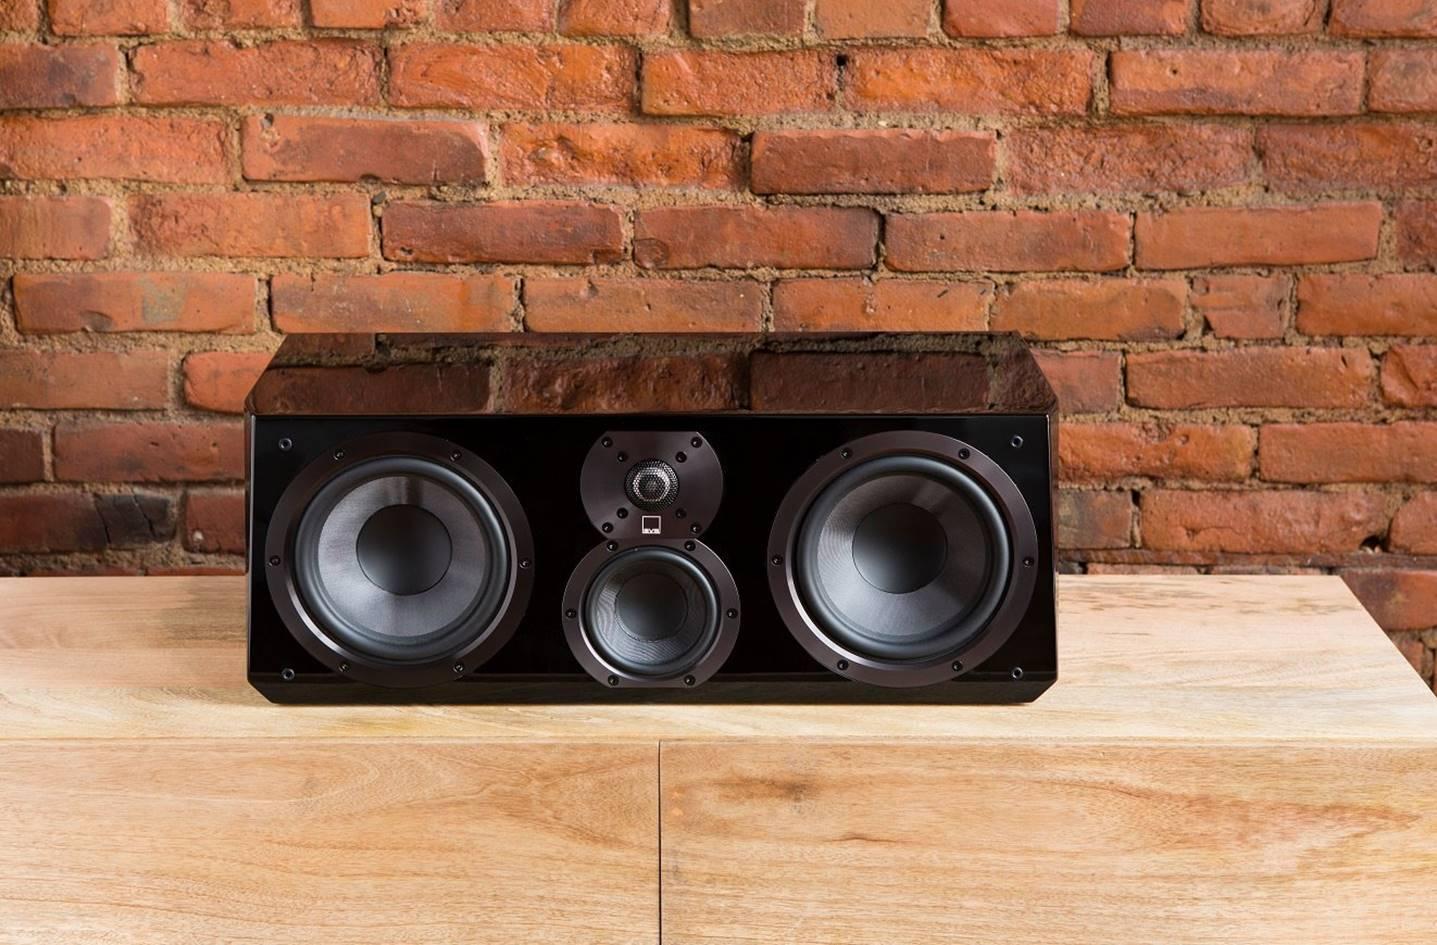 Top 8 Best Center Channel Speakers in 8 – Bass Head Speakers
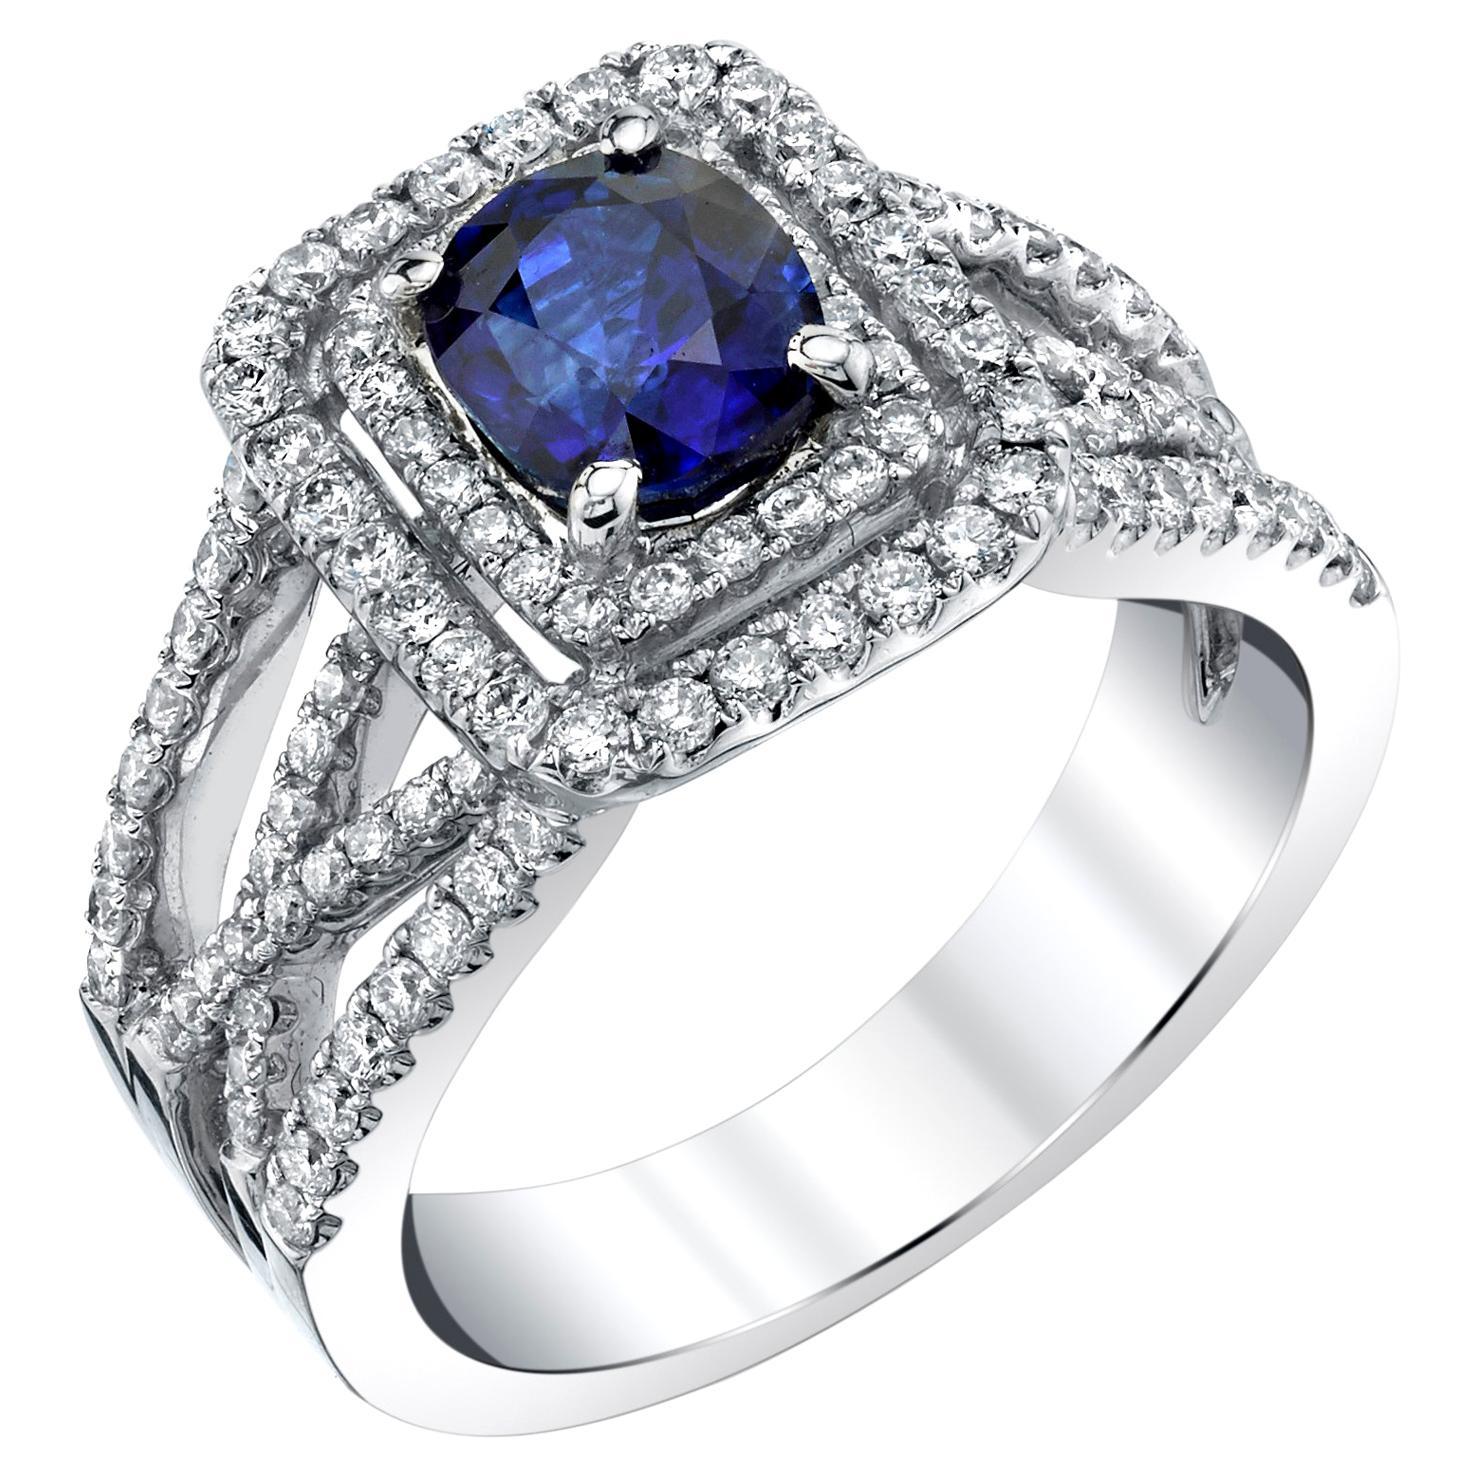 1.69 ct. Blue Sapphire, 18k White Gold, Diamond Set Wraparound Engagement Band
...
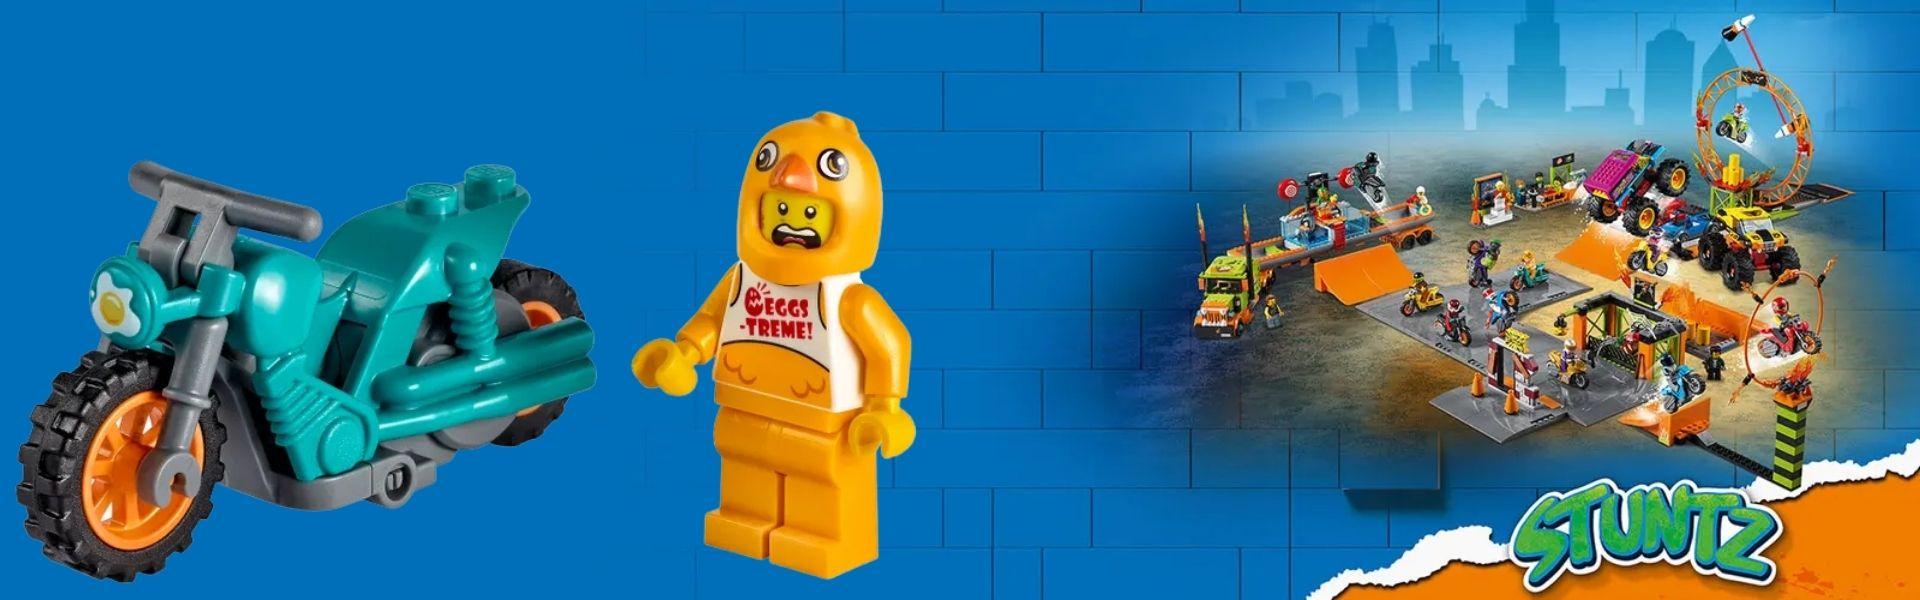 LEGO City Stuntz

*ASSIGNMENT*
In the data above, find the line containing "Top 8 Best Center" and the line containing "1.69 ct. Blue". Copy exactly the stretch from the first through the second, both included, leaving out any picture.

*OUTPUT OF THE TASK*
 Top 8 Best Center Channel Speakers in 8 – Bass Head Speakers
 1.69 ct. Blue Sapphire, 18k White Gold, Diamond Set Wraparound Engagement Band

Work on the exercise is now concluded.